Problem details: The expected answer is the full listing, repeated exactly and free of images.

Provided data:
____

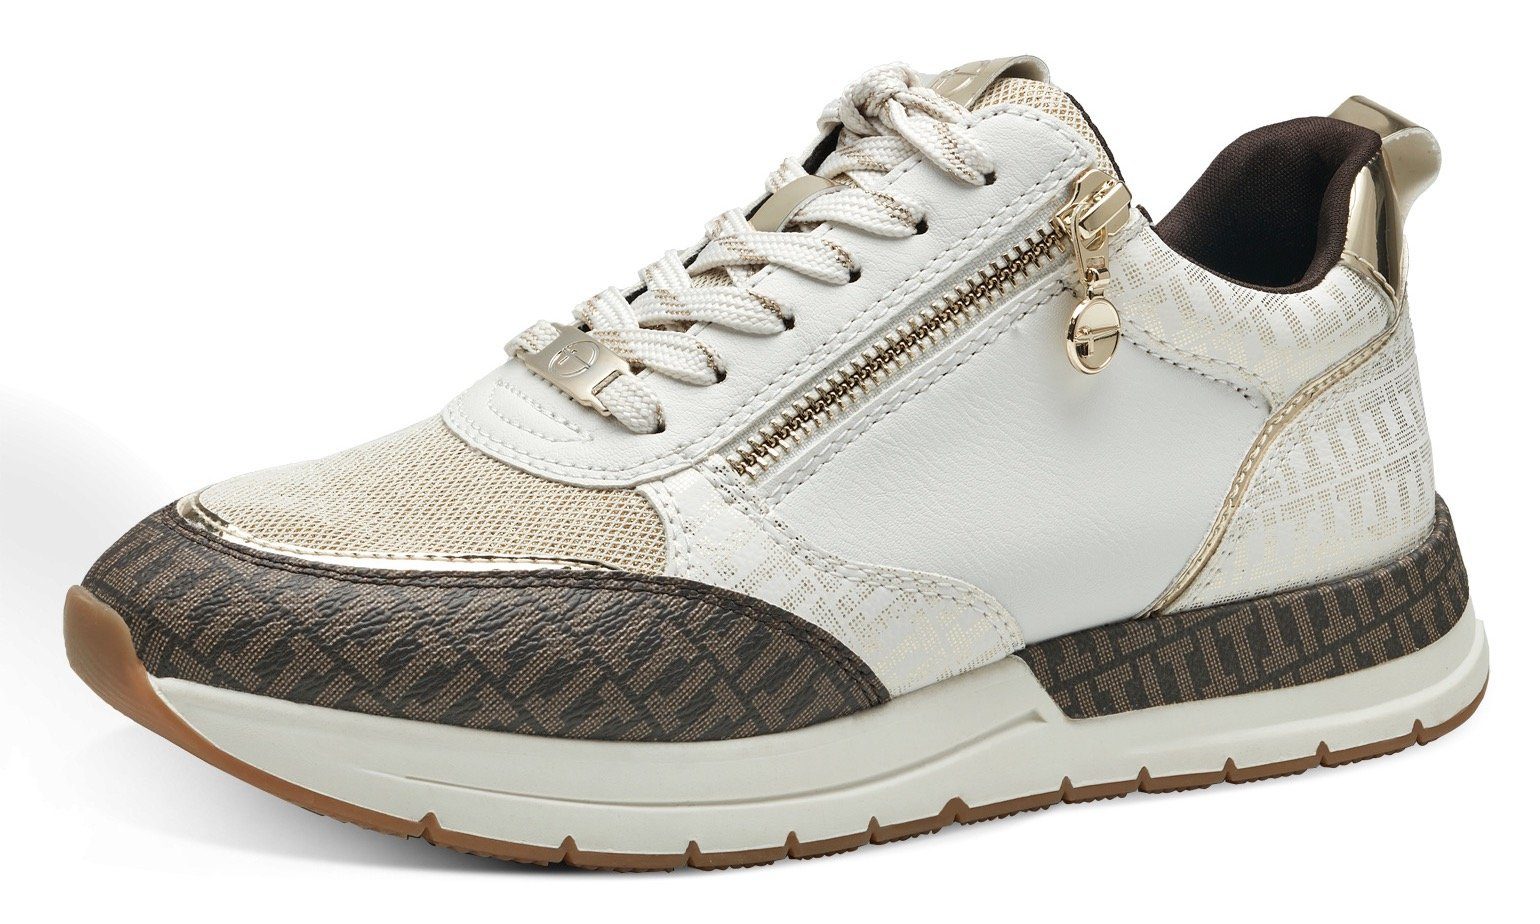 kombiniert Sneaker Metallic-Details offwhite Tamaris mit trendigen
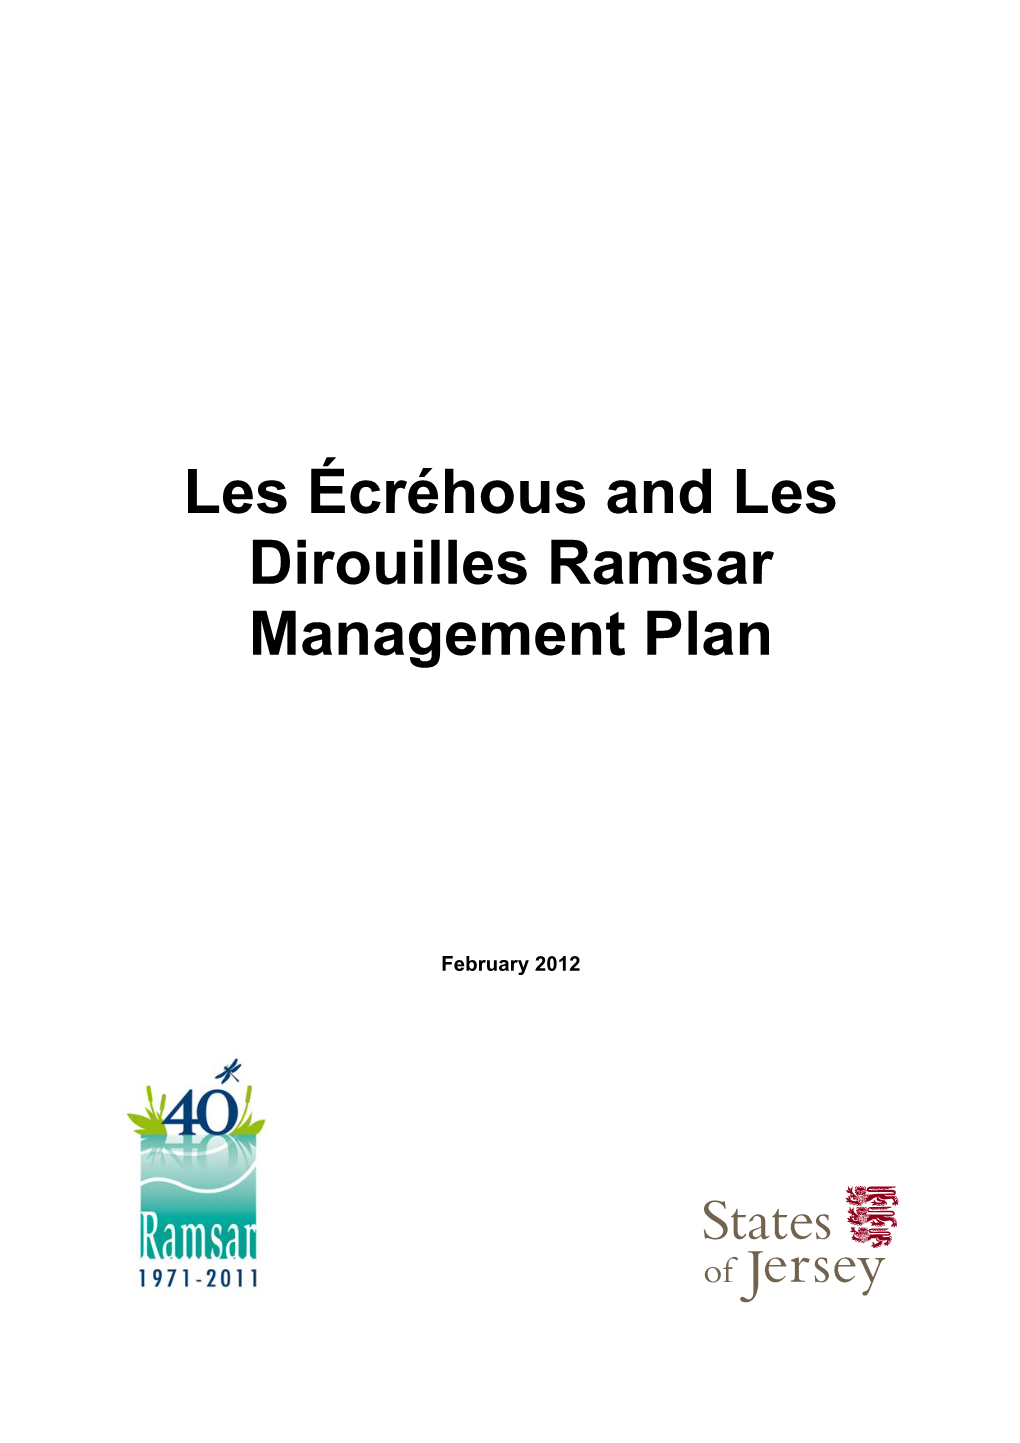 Ramsar Les Ecrehous Management Plan
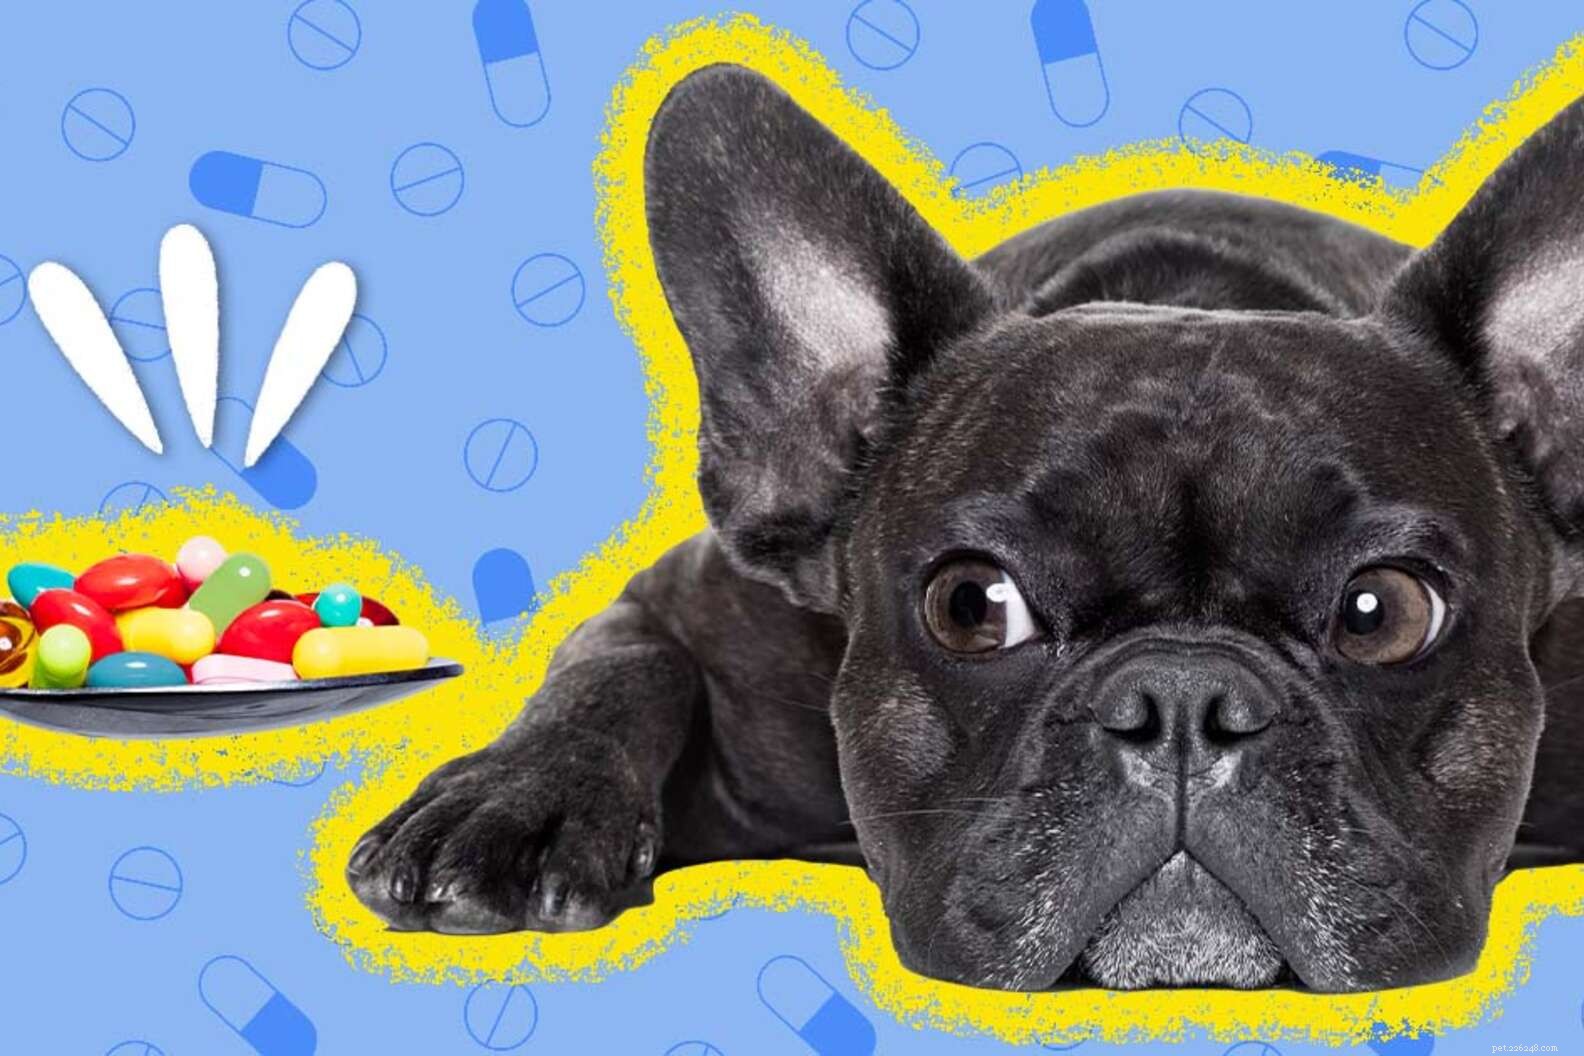 Werken angstmedicatie voor honden?
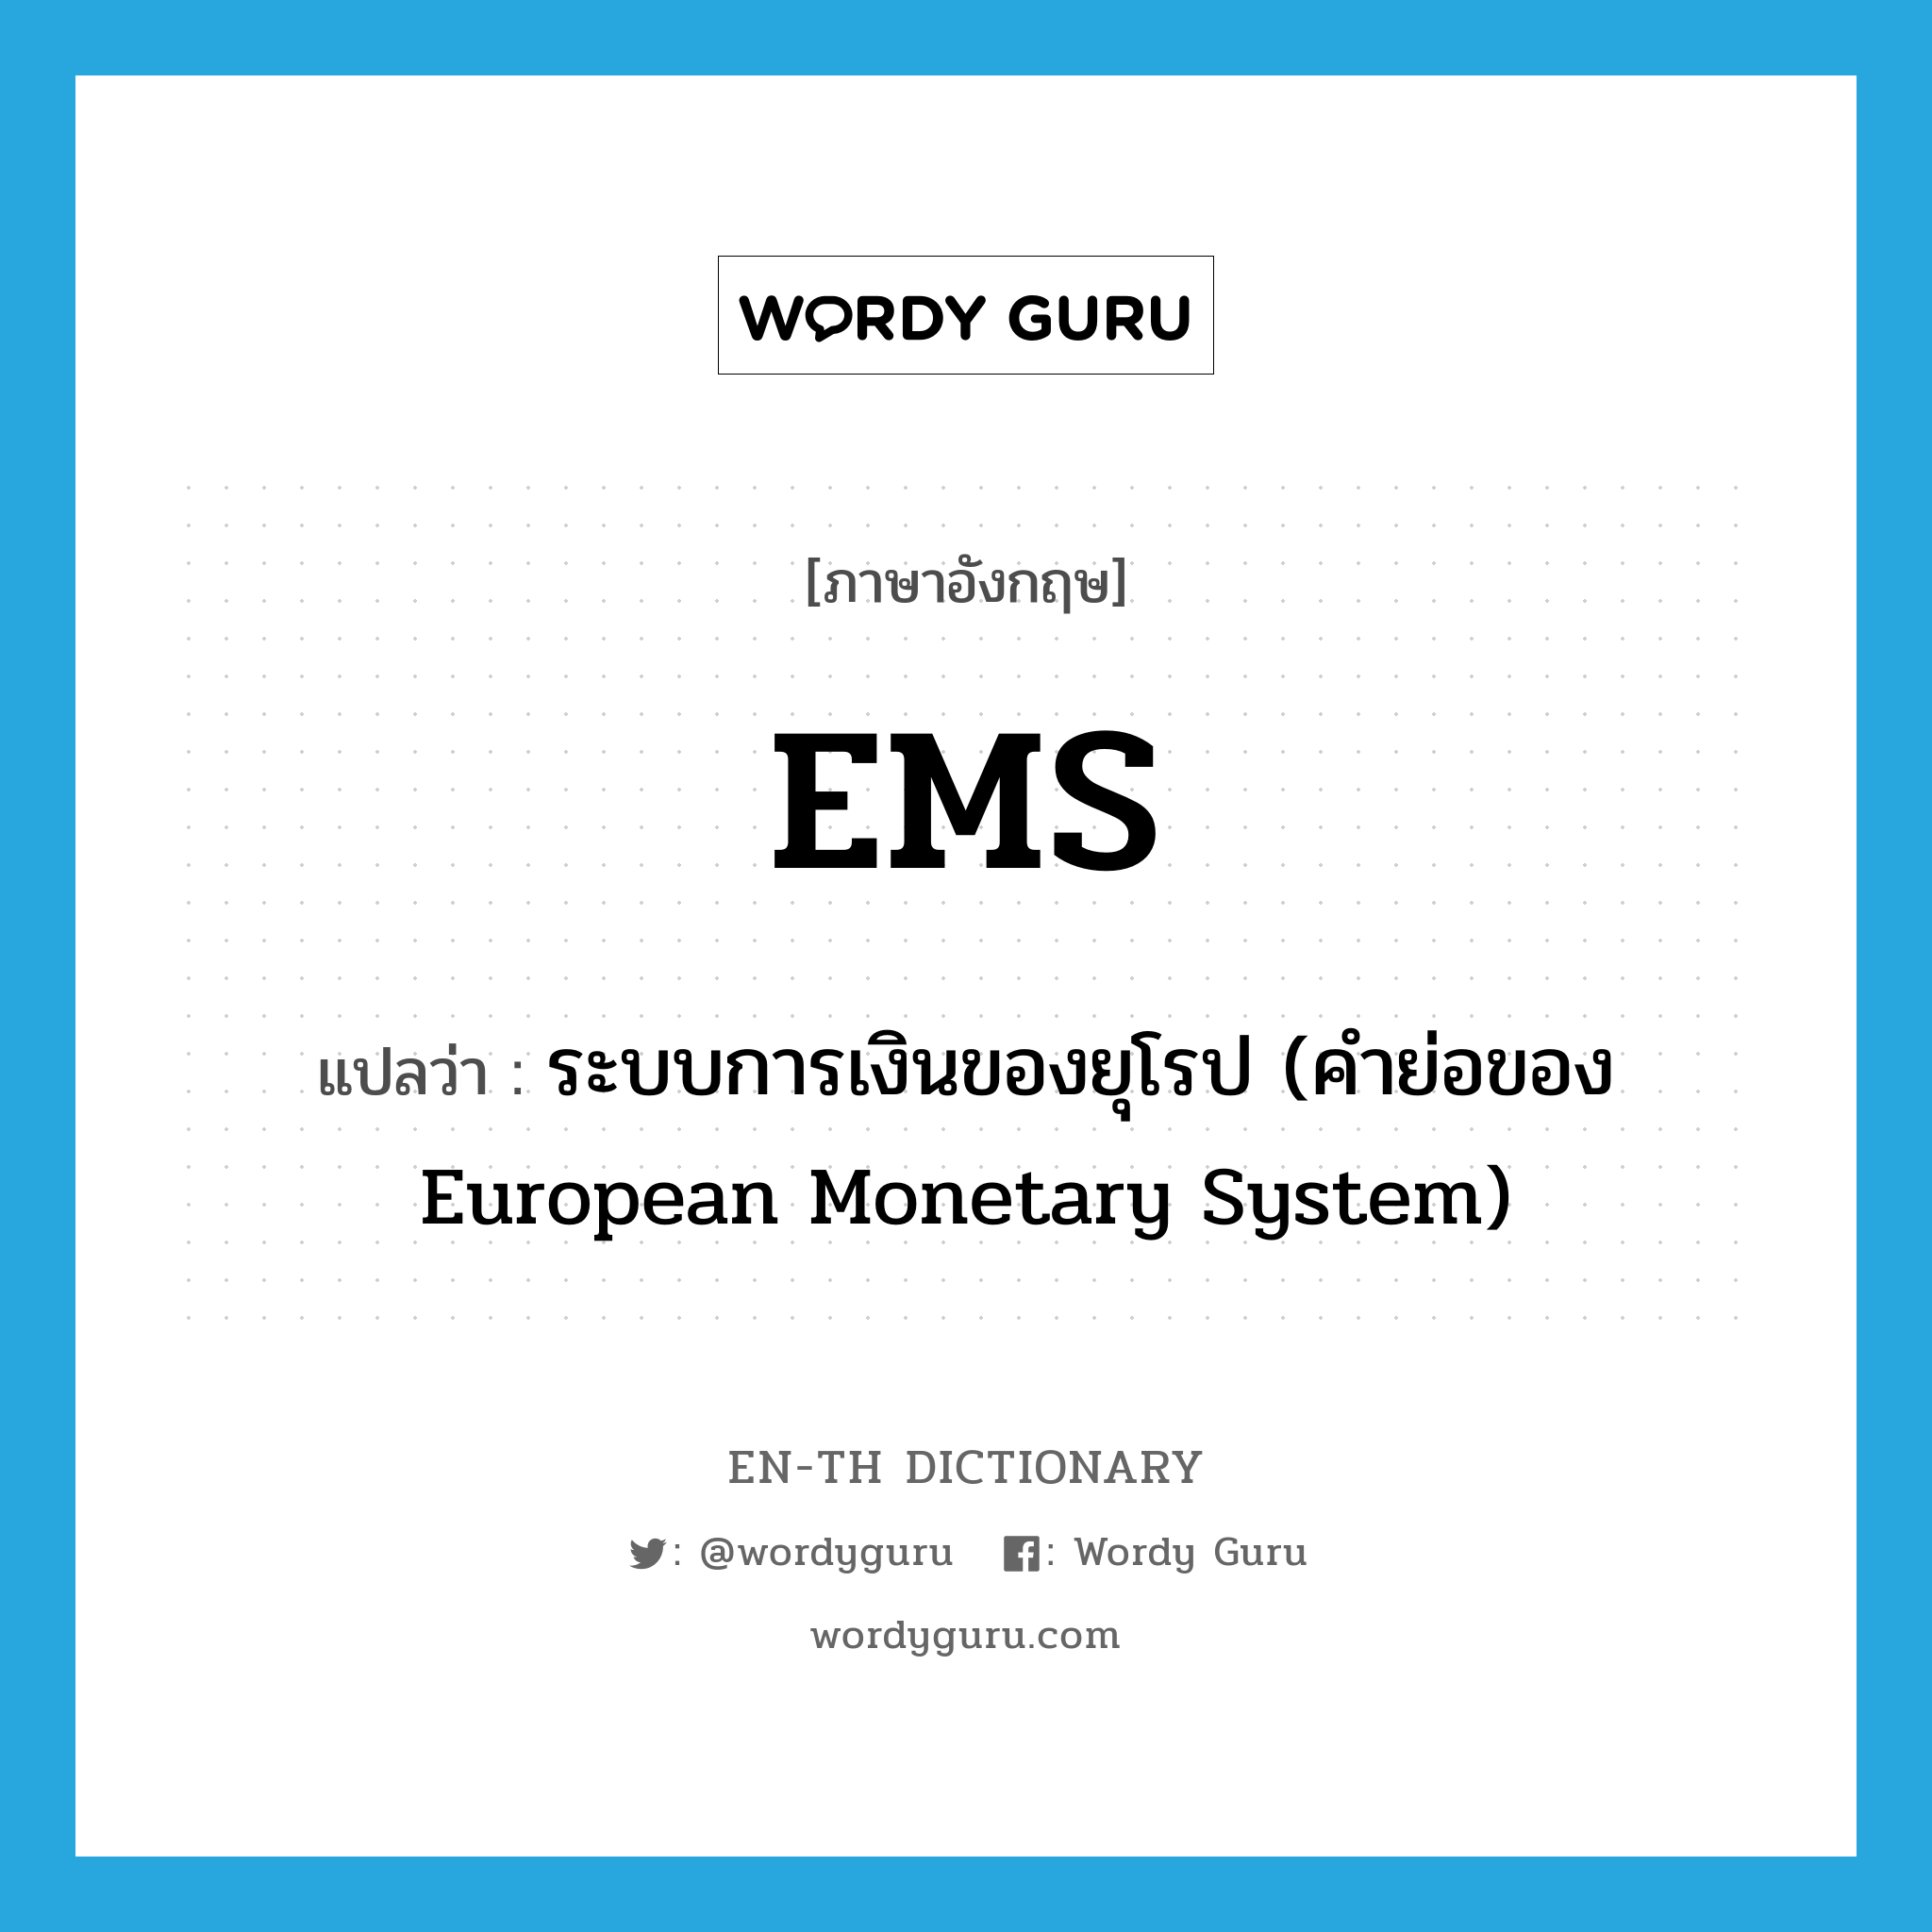 ระบบการเงินของยุโรป (คำย่อของ European Monetary System) ภาษาอังกฤษ?, คำศัพท์ภาษาอังกฤษ ระบบการเงินของยุโรป (คำย่อของ European Monetary System) แปลว่า EMS ประเภท ABBR หมวด ABBR

____

Task output:
 kombiniert Sneaker Metallic-Details offwhite Tamaris mit trendigen
 Ramsar Les Ecrehous Management Plan
 Werken angstmedicatie voor honden?
 ระบบการเงินของยุโรป (คำย่อของ European Monetary System) ภาษาอังกฤษ?, คำศัพท์ภาษาอังกฤษ ระบบการเงินของยุโรป (คำย่อของ European Monetary System) แปลว่า EMS ประเภท ABBR หมวด ABBR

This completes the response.